> Collected data
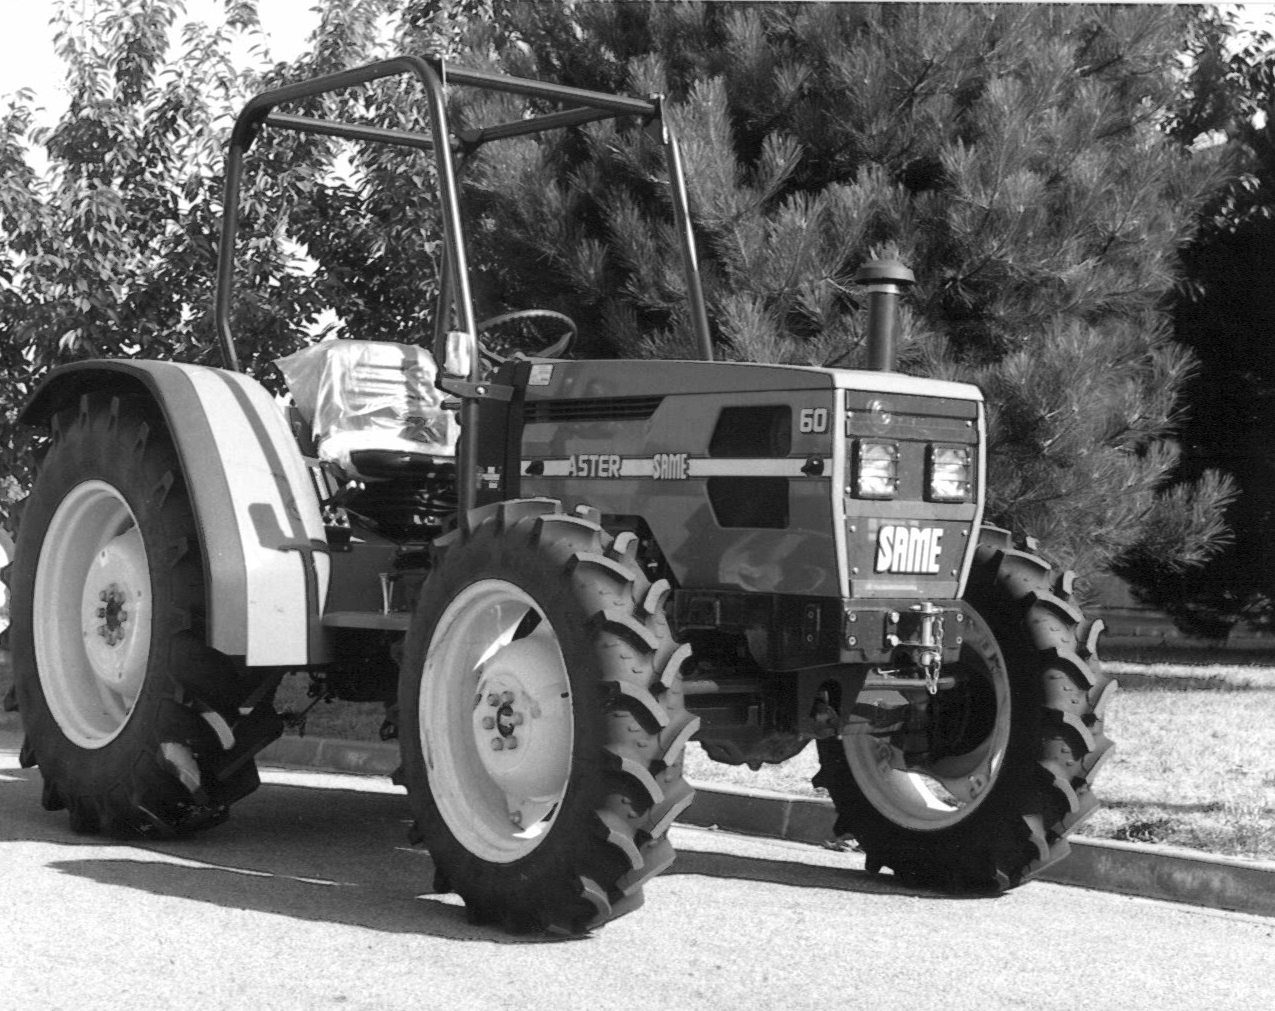 Trattore SAME Aster 60 con le 4 ruote motrici
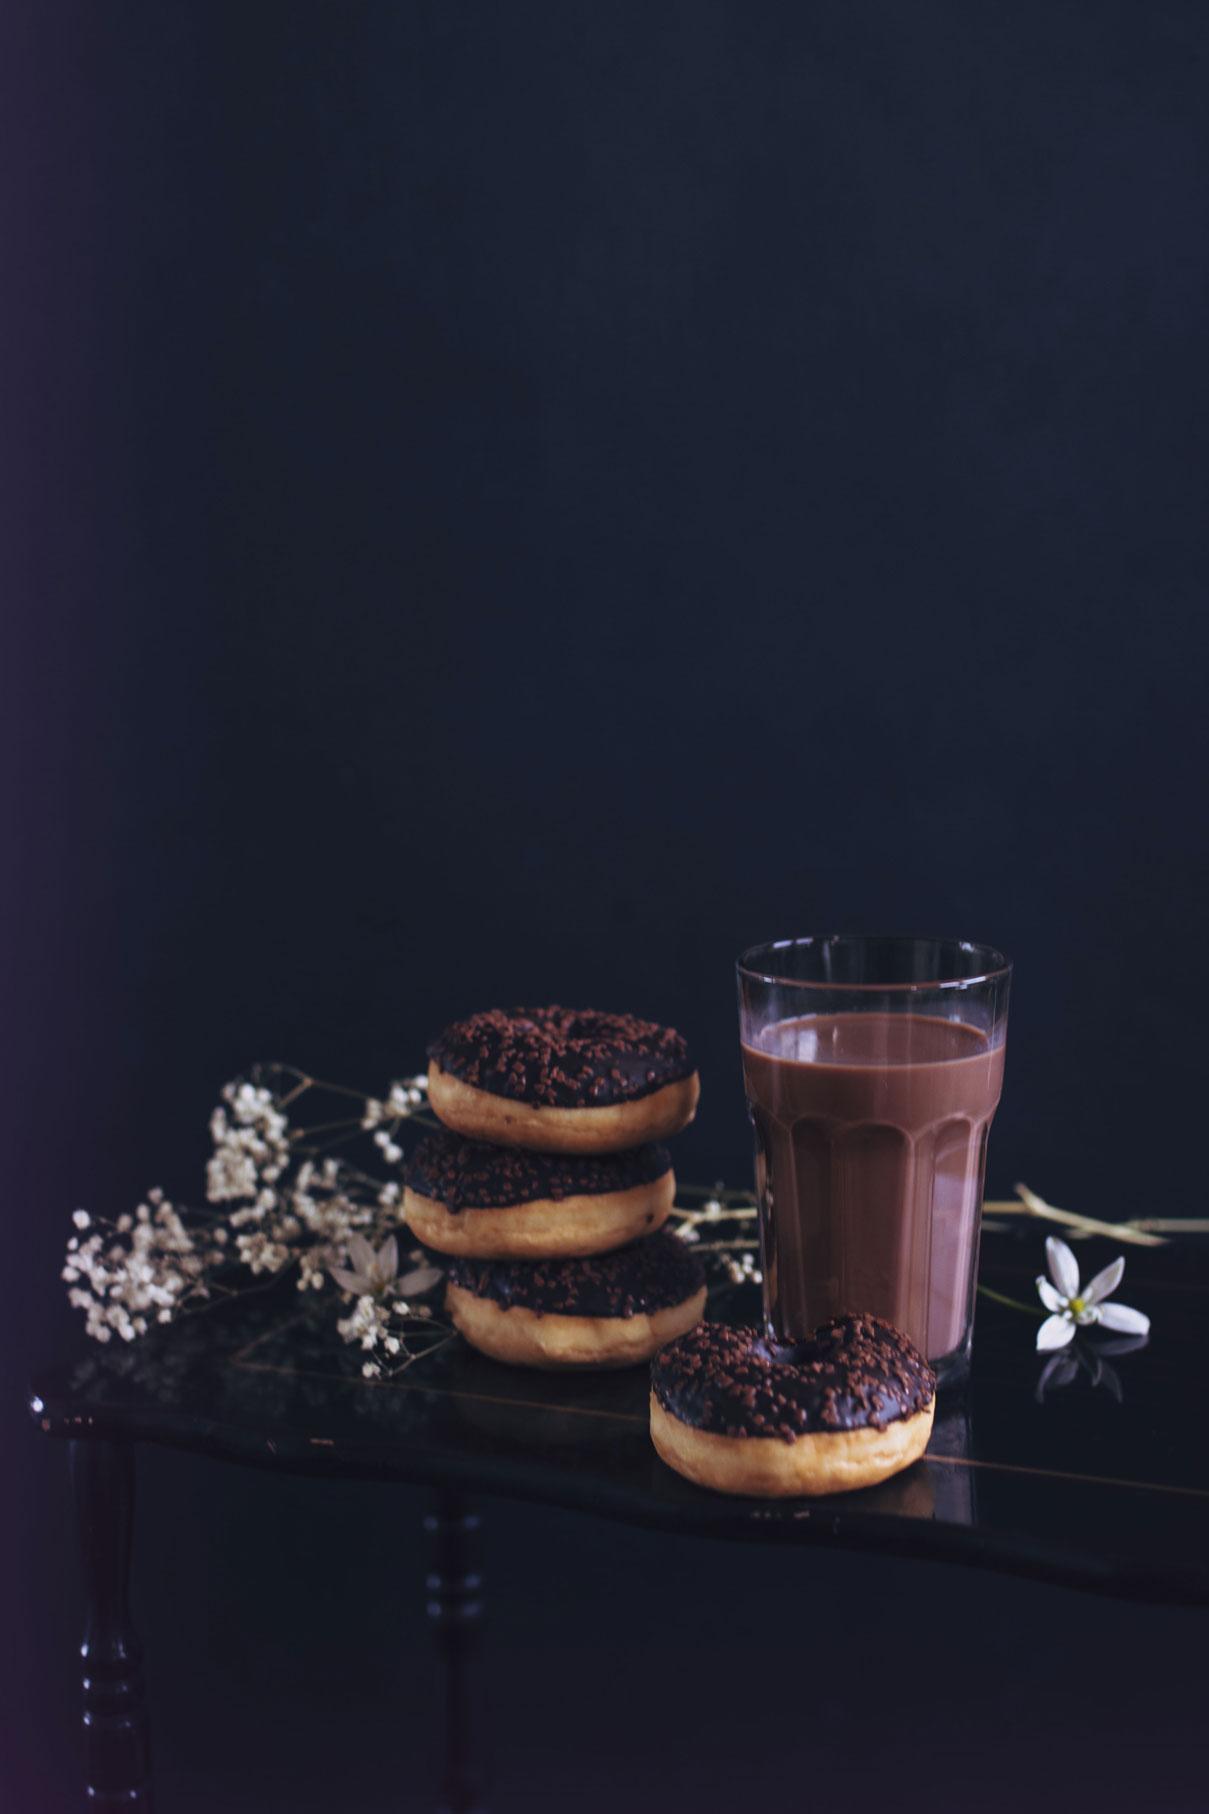 photographie culinaire donuts chocolat à tours
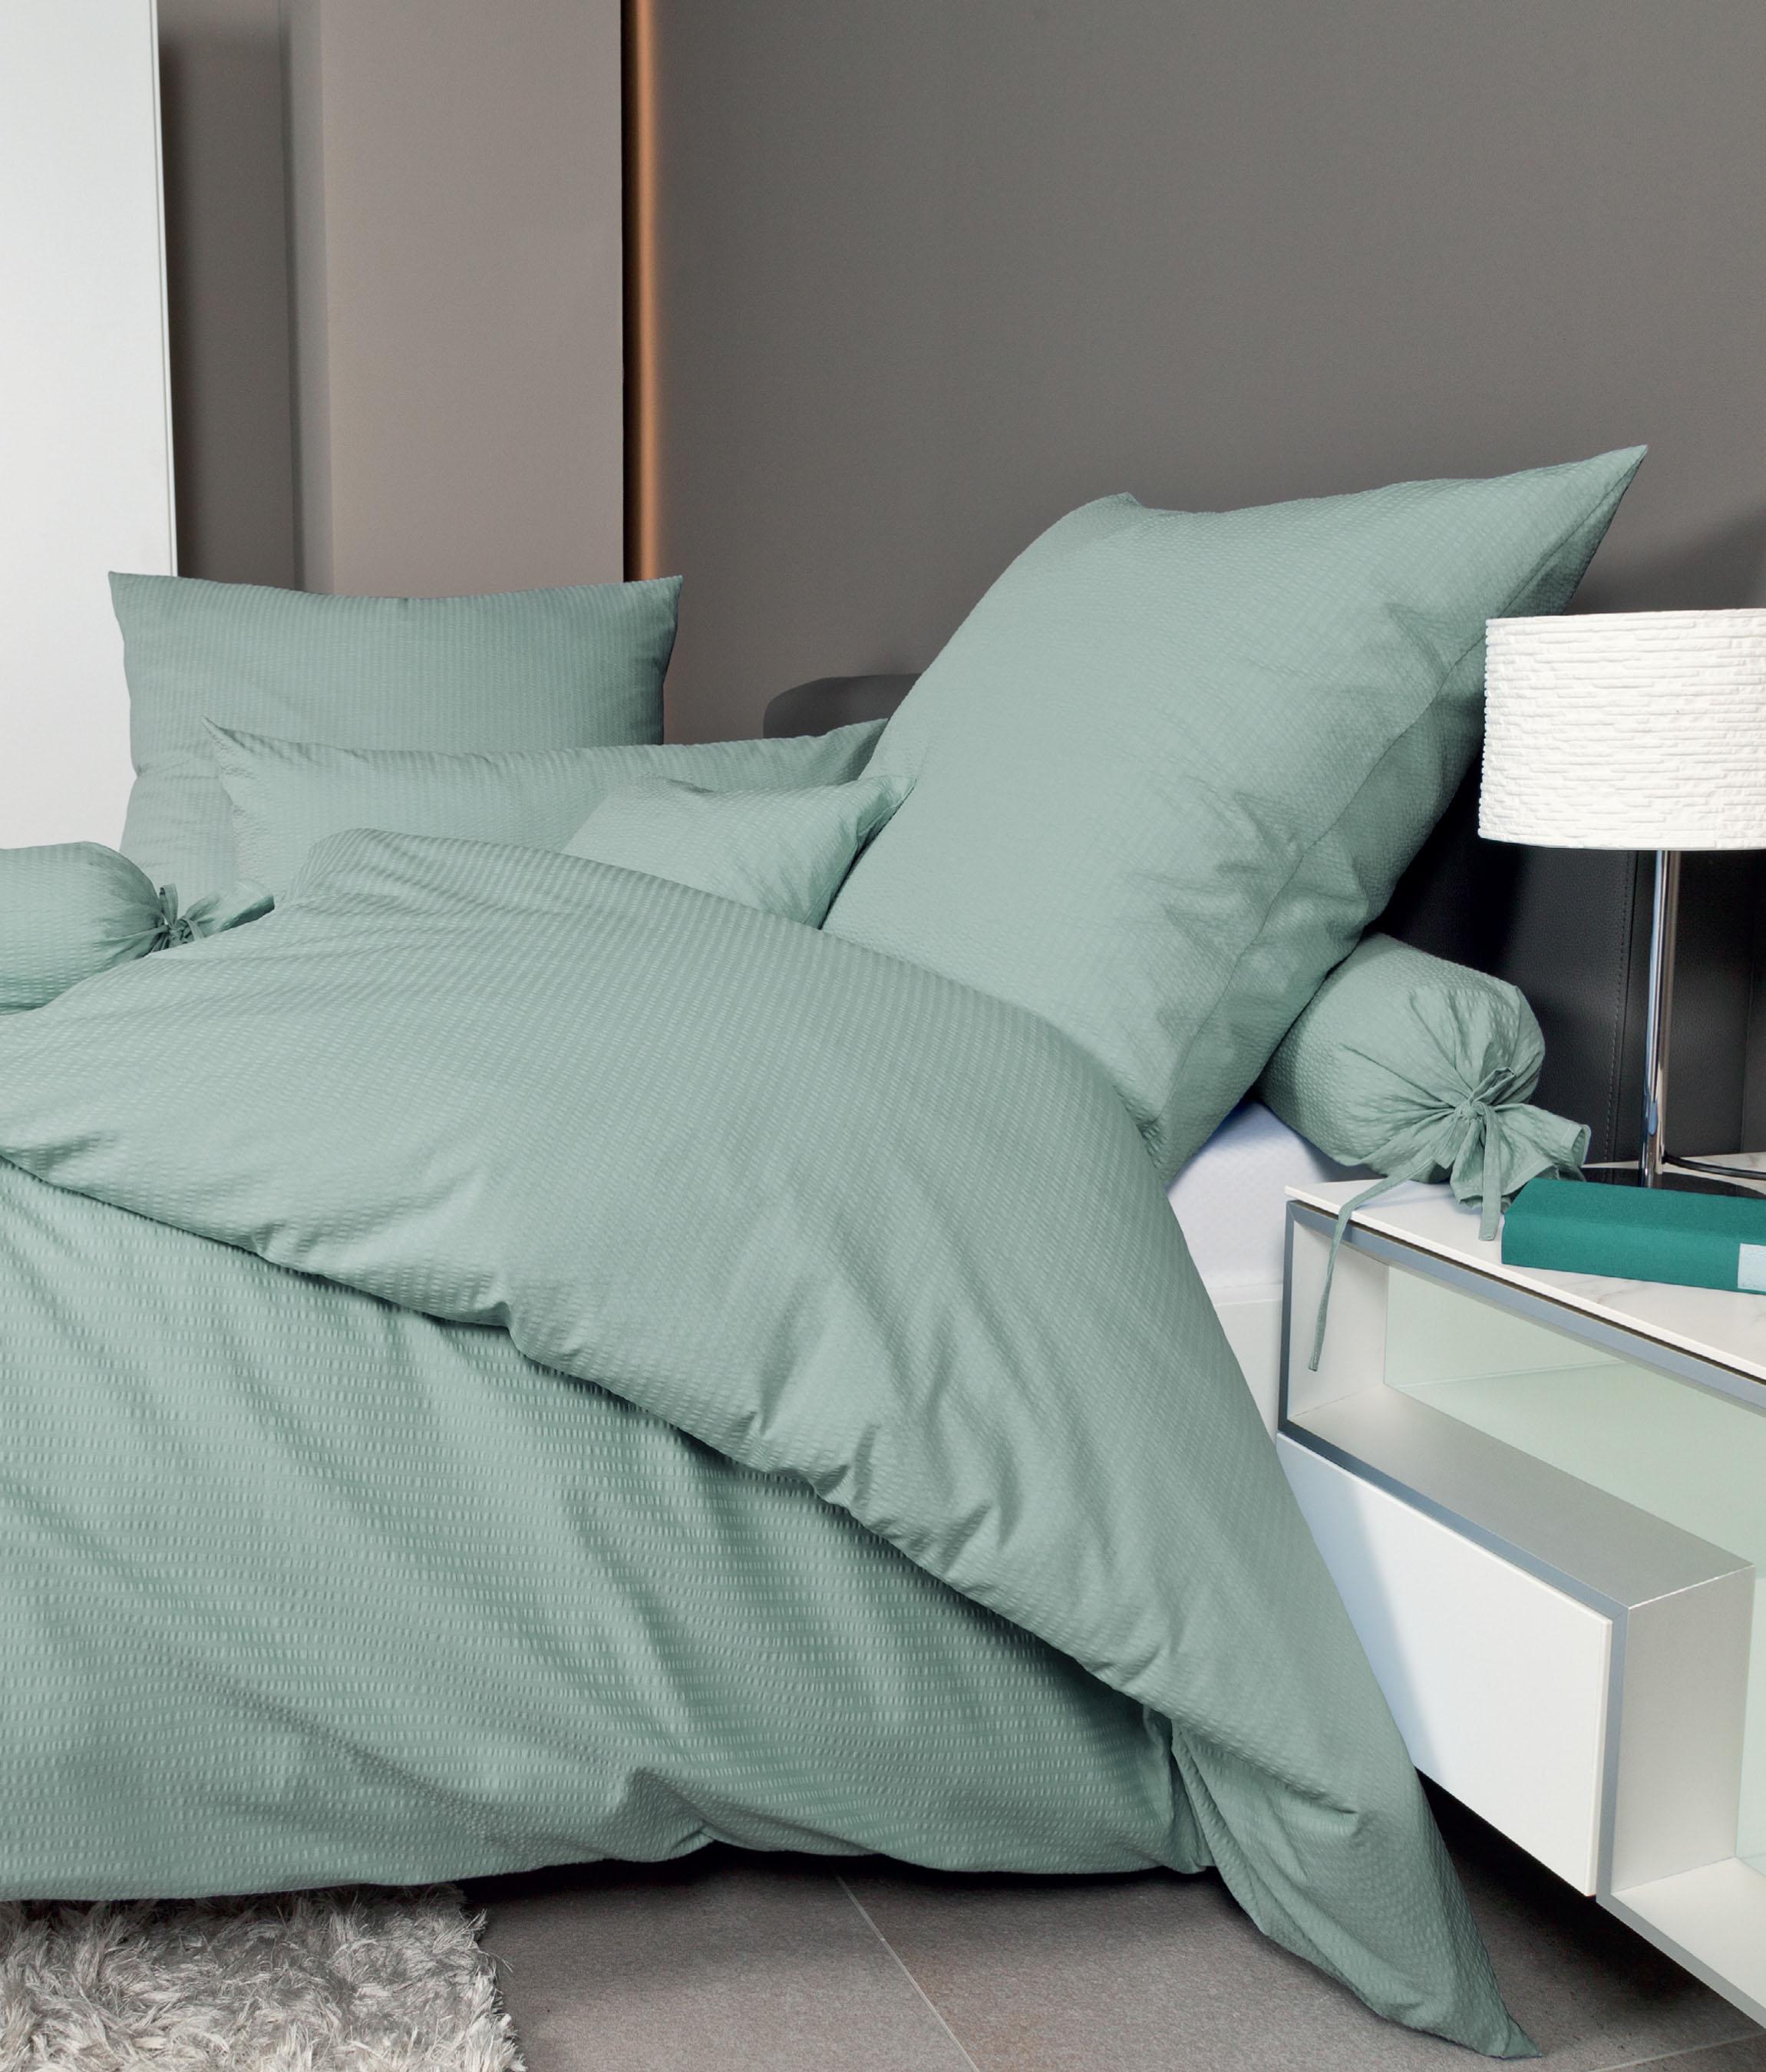 bettw sche piano 0125 janine sonja kratzer. Black Bedroom Furniture Sets. Home Design Ideas
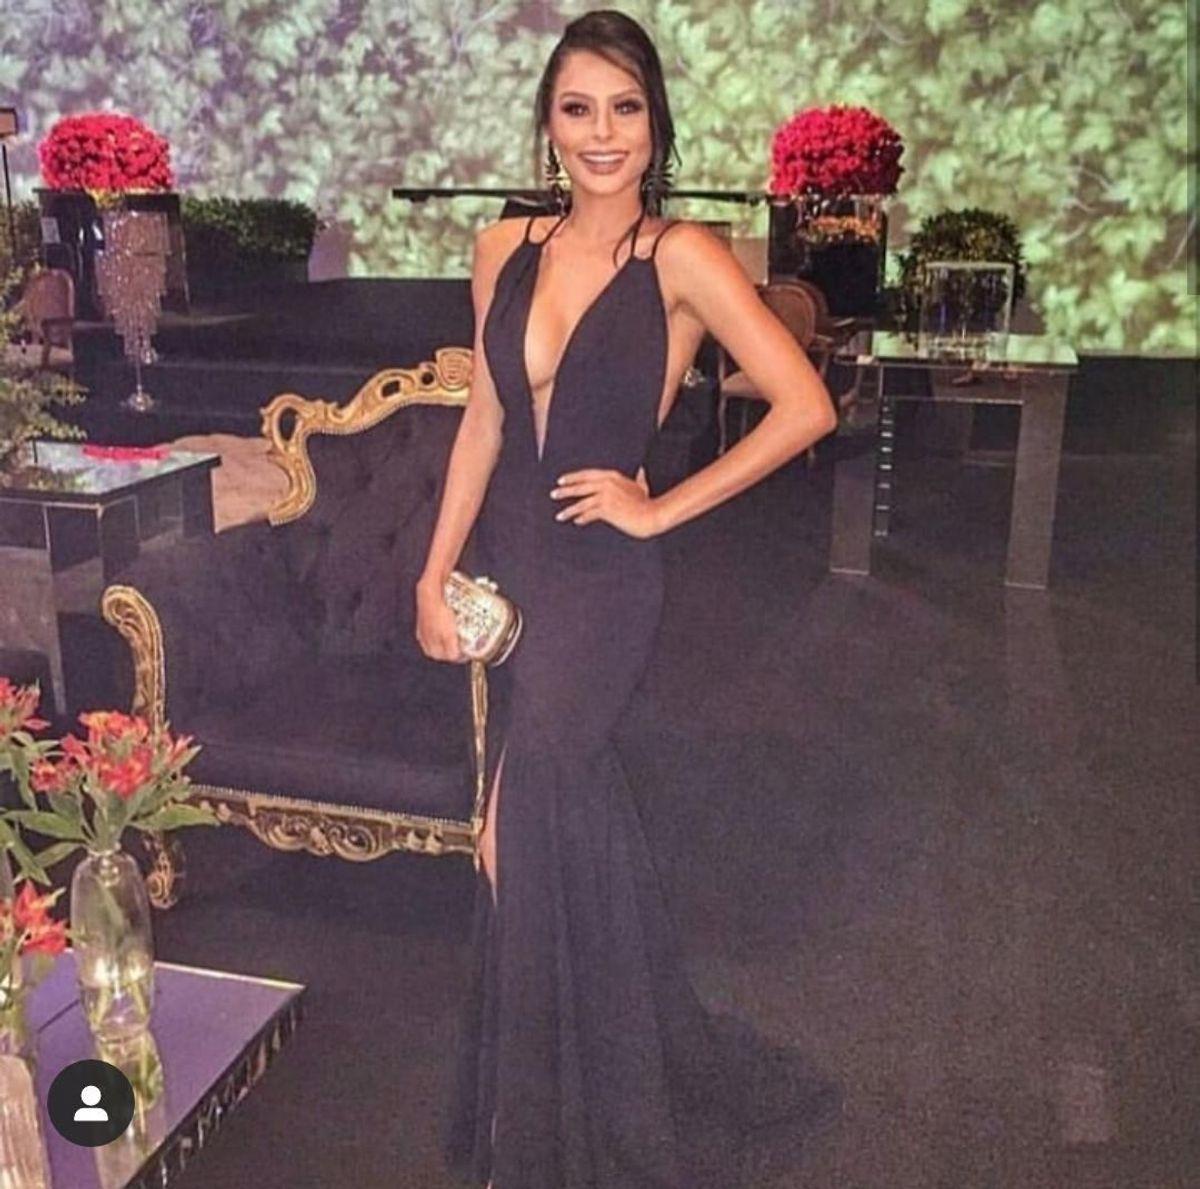 789bfdb90 vestido de festa agilita longo preto com fenda e decote formatura e  convidada de casamento -

> What you are asked to do
Your answer must be an exact copy of the lines from the one with "bettw sche piano" through the final line of the data, both included, without any pictures.

> Written response
 bettw sche piano 0125 janine sonja kratzer. Black Bedroom Furniture Sets. Home Design Ideas
 789bfdb90 vestido de festa agilita longo preto com fenda e decote formatura e  convidada de casamento -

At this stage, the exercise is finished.